* _Task details_:
Every line of the listing below is to be duplicated exactly, with the pictures left out.

* _Data extract_:
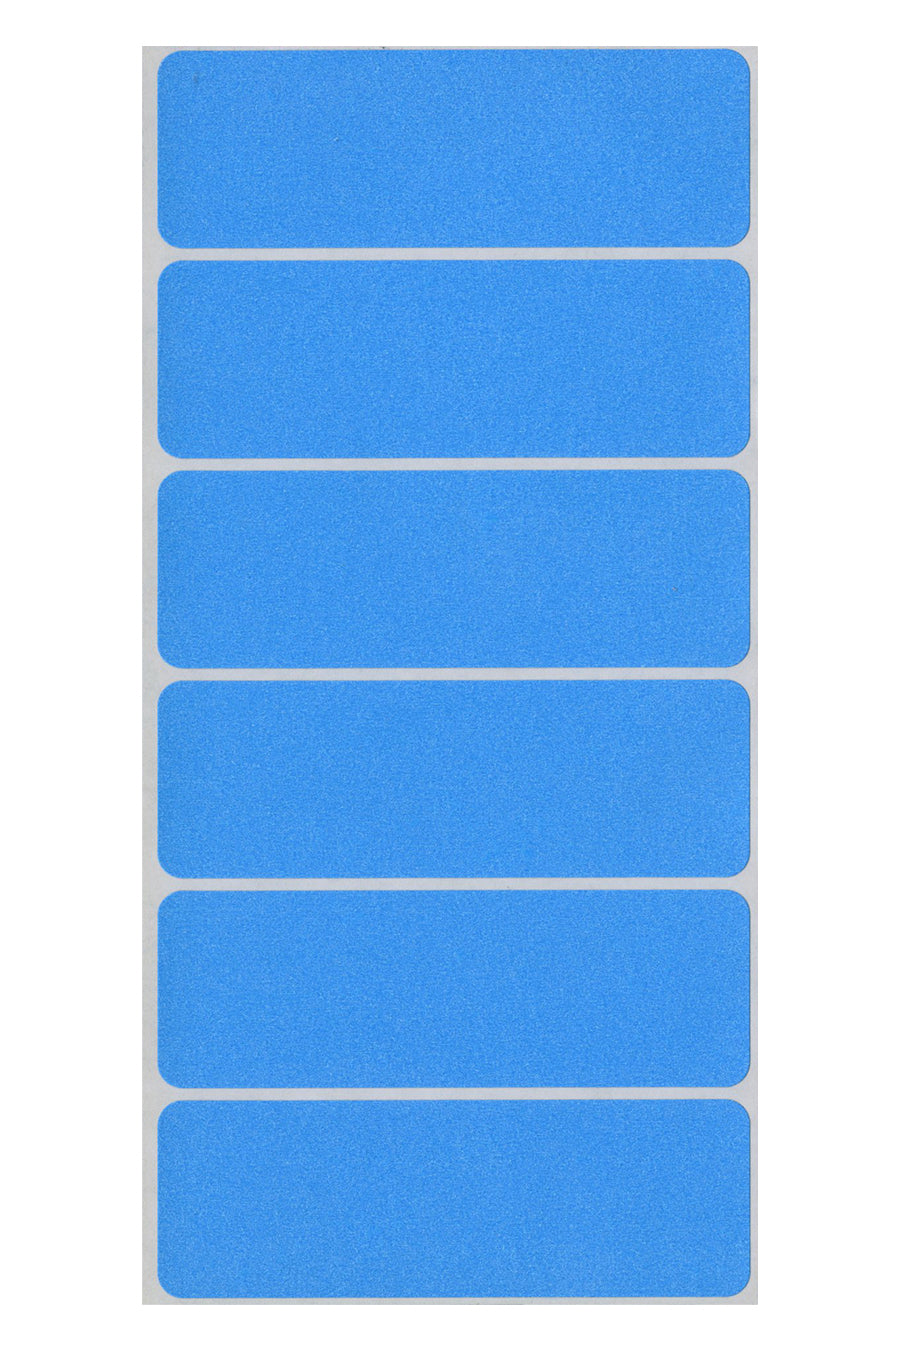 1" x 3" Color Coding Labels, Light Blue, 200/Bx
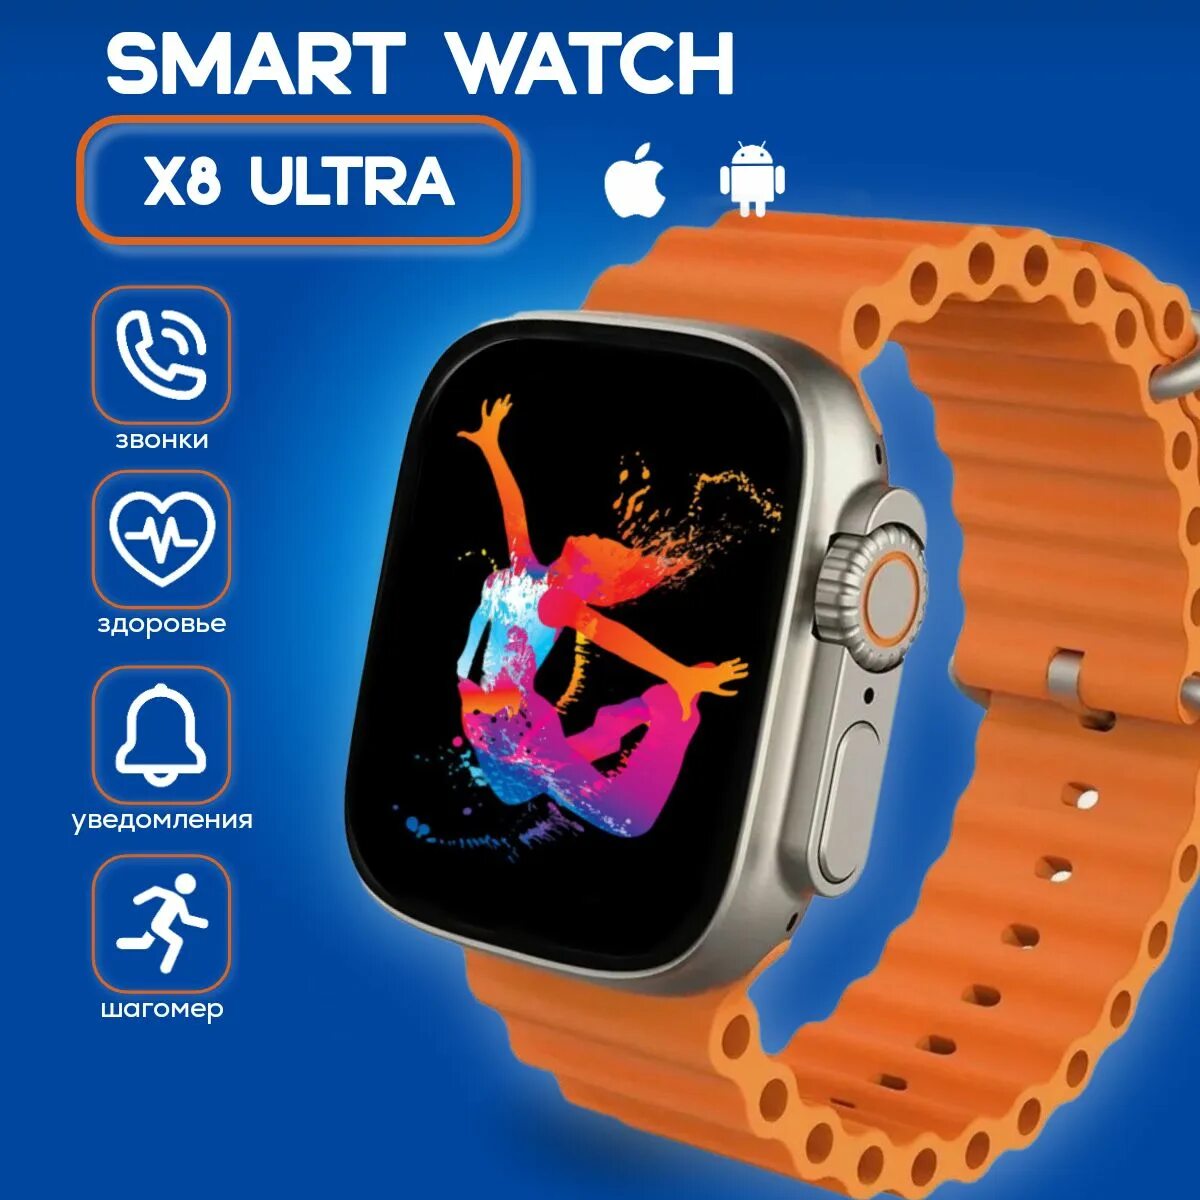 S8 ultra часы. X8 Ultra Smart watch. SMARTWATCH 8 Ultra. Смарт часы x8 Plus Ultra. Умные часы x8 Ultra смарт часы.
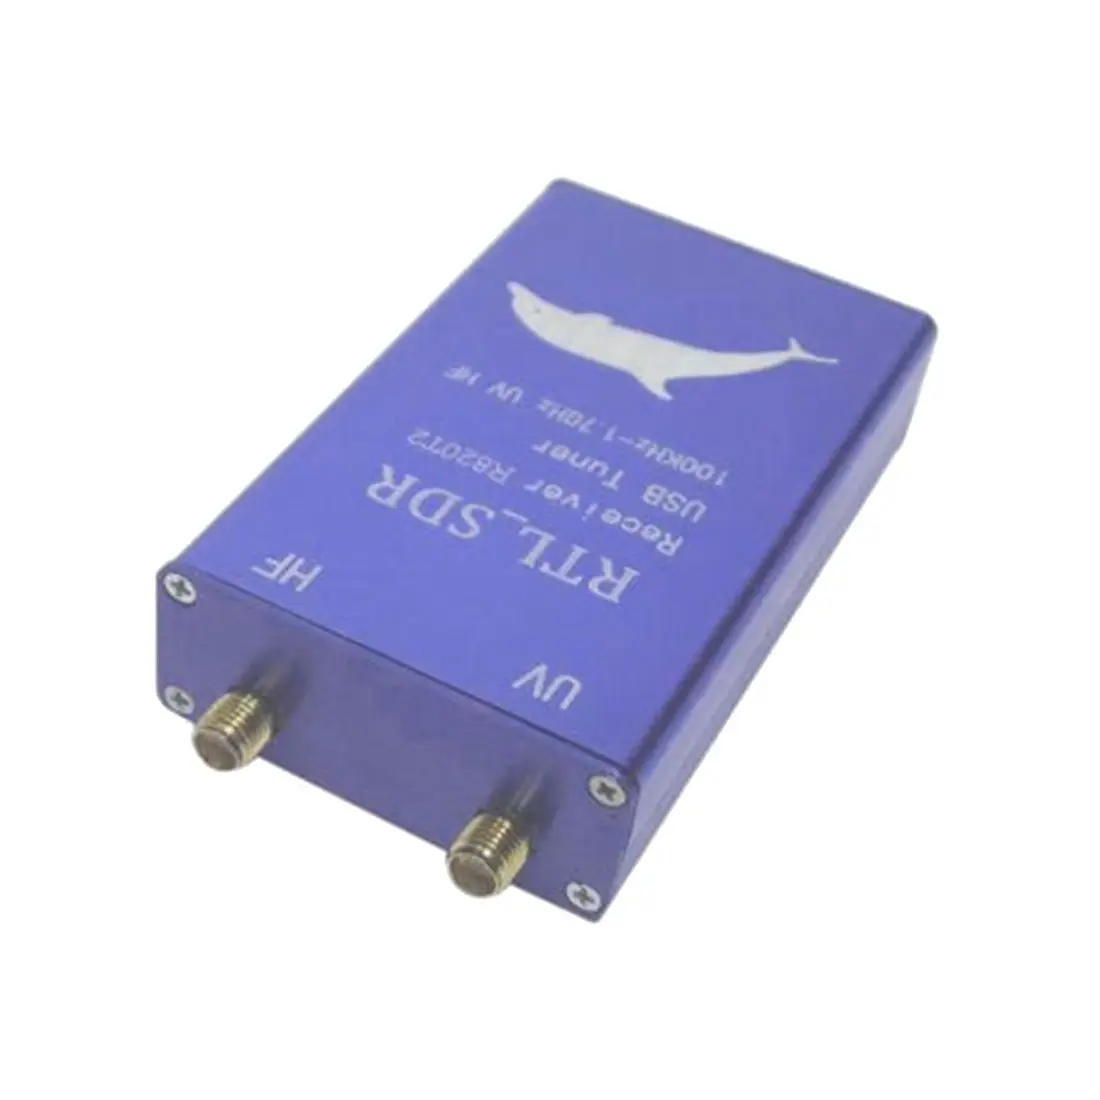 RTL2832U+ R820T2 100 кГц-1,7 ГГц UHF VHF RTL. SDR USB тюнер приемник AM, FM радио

* _Solved problem_:
 1" x 3" Color Coding Labels, Light Blue, 200/Bx
 S8 ultra часы. X8 Ultra Smart watch. SMARTWATCH 8 Ultra. Смарт часы x8 Plus Ultra. Умные часы x8 Ultra смарт часы.
 RTL2832U+ R820T2 100 кГц-1,7 ГГц UHF VHF RTL. SDR USB тюнер приемник AM, FM радио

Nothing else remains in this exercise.